Single file comparison? filecmp.cmp(fname1, fname2 [,shallow=1])

filecmp.cmp returns 0 for match, 1 for no match.

Multiple files comparison in two directories? filecmp.cmpfiles(dirname1, dirname2, fnamelist [,shallow=1]))

filecmp.cmpfiles returns a tuple of three lists: (matches,mismatches,errors)

Single directory comparison? file.dircmp(dirname1, dirname2 [,ignore=... [,hide=...])

ignore defaults to '["RCS","CVS","tags"]' and hide defaults to '[os.curdir,os.pardir]' (i.e., '[".",".."]').

fileinput, something like cat?

glob: list pathnames matching pattern

pathnames = glob.glob('/Users/quilty/Book/chap[3-4].txt')

linecache: efficient random access to a file

linecache.getline('/etc/hosts', 15)

linecache.checkcache # has file been modified since last cached

os.path: path name manipulation

os.path.commonprefix

os.path.expanduser

os.path.expandvars

os.path.join

os.path.normpath: remove redundant path information

os.path.splitdrive: useful on Windows

os.path.walk ~= os.walk?

file.readline() # slow but memory-friendly

file.readlines() # fast but memory-hungry

xreadlines is better but is deprecated.

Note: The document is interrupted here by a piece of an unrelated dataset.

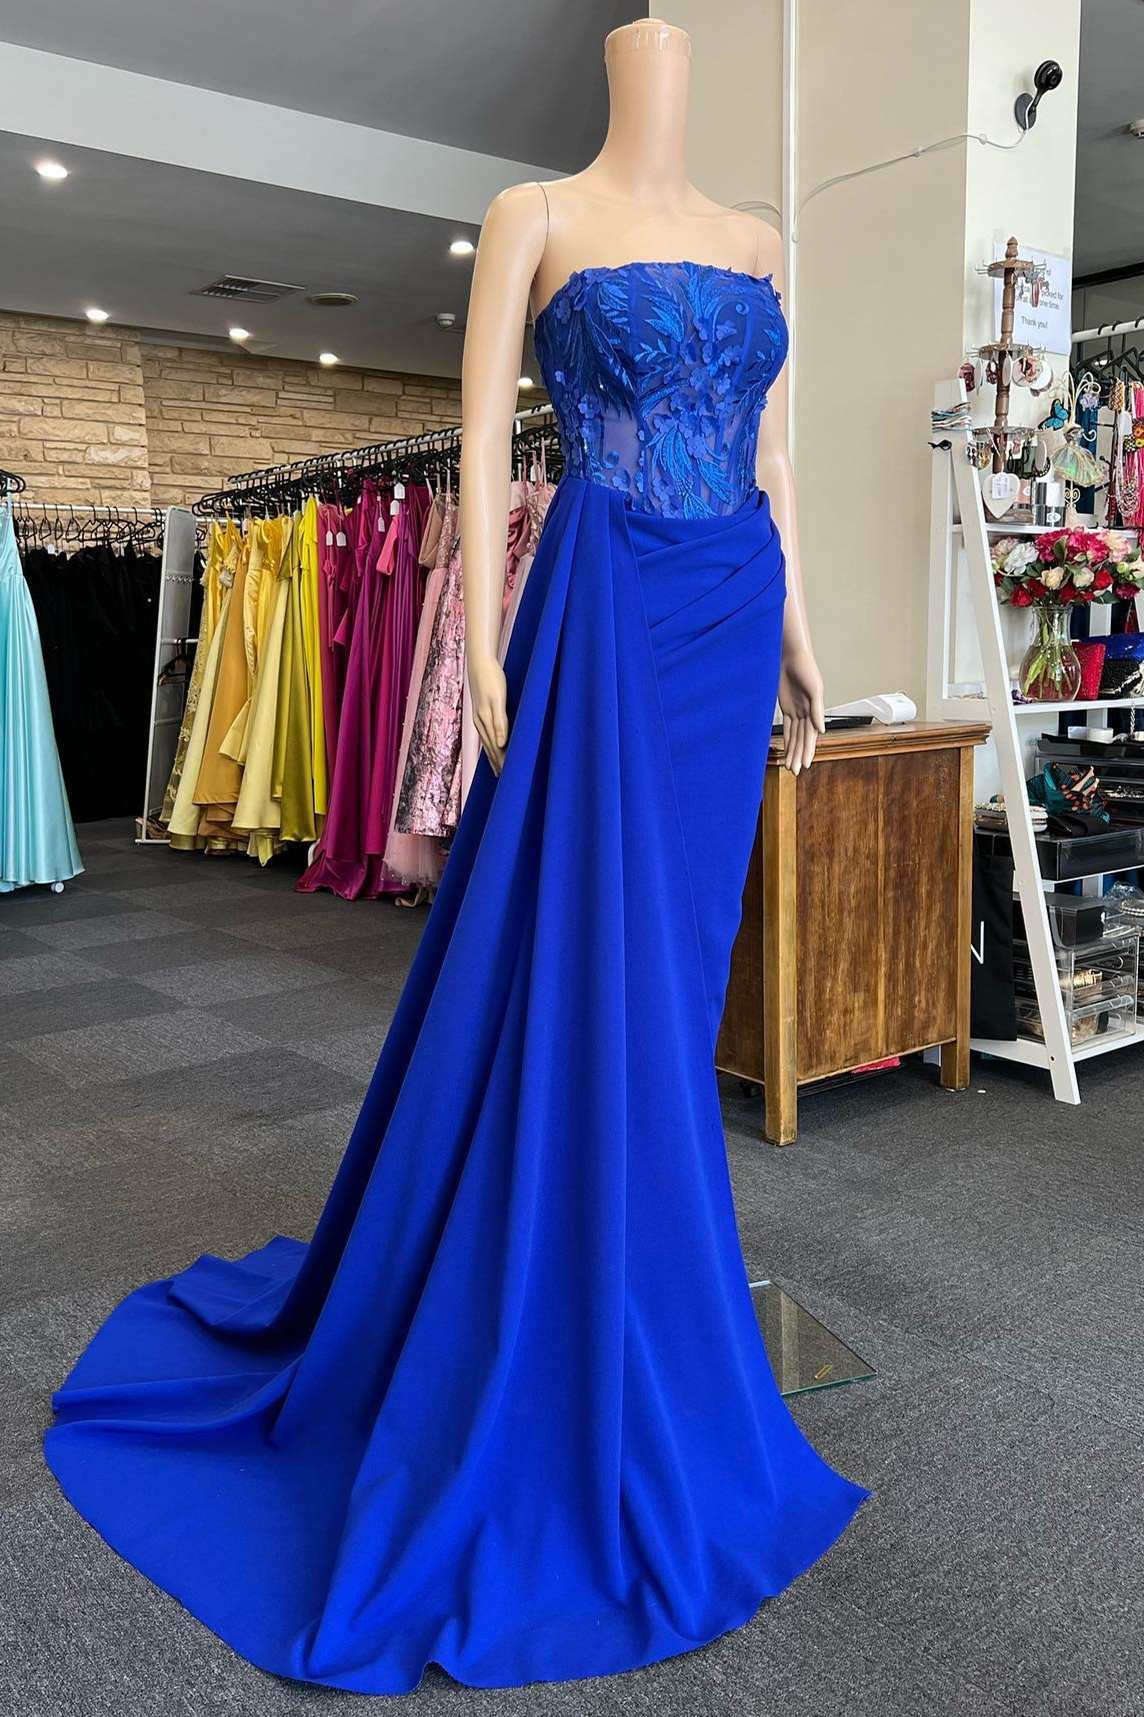 Party Dress Store, Royal Blue Appliques Strapless Long Formal Gown with Attached Train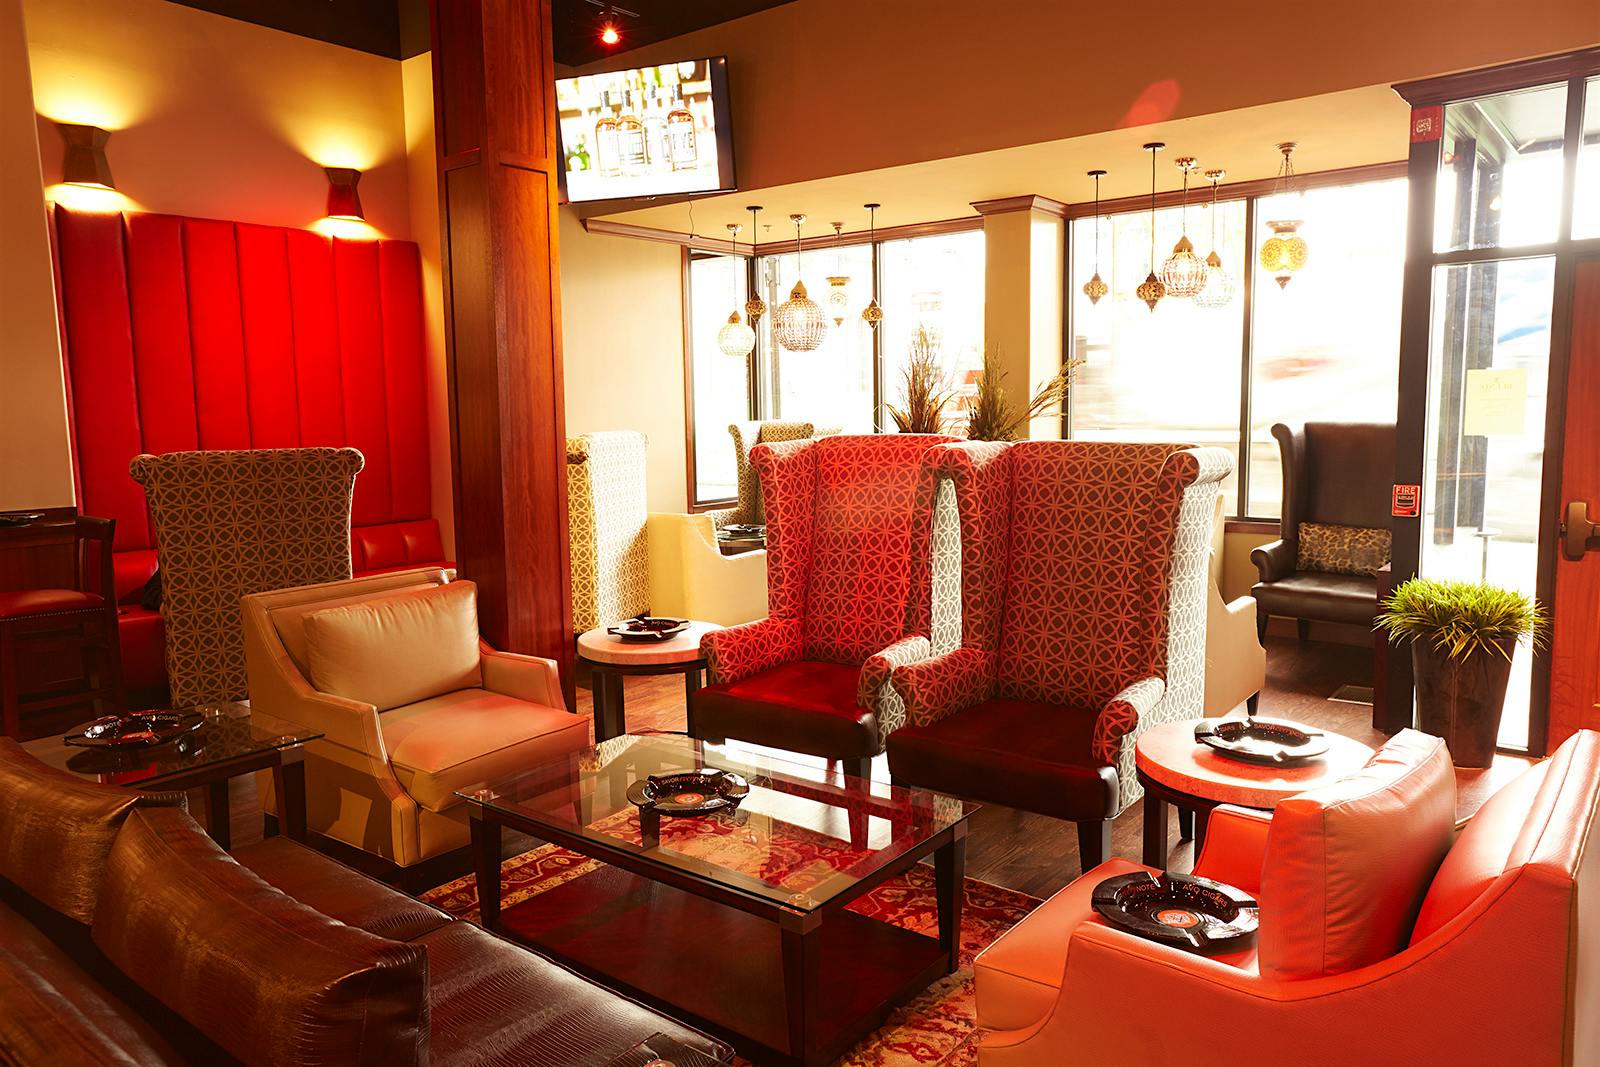 The front sitting area offers cozy leather couches and easy chairs.

Use idiom 'for line in file.open("bla"):' instead.

The [commands] module exists primarily as a convenience wrapper for calls to `os.popen*()`.

commands.getoutput can be implemented as such:

def getoutput(cmd):

import os

return os.popen('{ '+cmd+'; } 2>&1').read()

# check out the usage of '+cmd+' for whatever that means...

Use dbm module to create a 'dictionary-on-disk'. This allows you use to store to disk pairs of key/value where both key and value are strings. You work with the dbm as though it is a in-memory dictionary.

If you need to store a key/value pair where the value is not just a string, use shelve module. Of course, it still can't store objects that are not pickle-able like file objects.

If shelve is not powerful enough for your need, try ZODB.

Prefer cPickle over picke module. Example usage:

import cPickle

from somewhere import my_complex_object

s = cPickle.dumps(my_complex_object)

new_obj = cPickle.loads(s)

Module name collision? Use the keyword as.

import repr as _repr

from repr import repr as newrepr

datetime module giving you a headache since you don't know how to tell it to set the dst? Pass -1 as the last argument when creating the object datetime.datetime and Python will figure out the dst for you.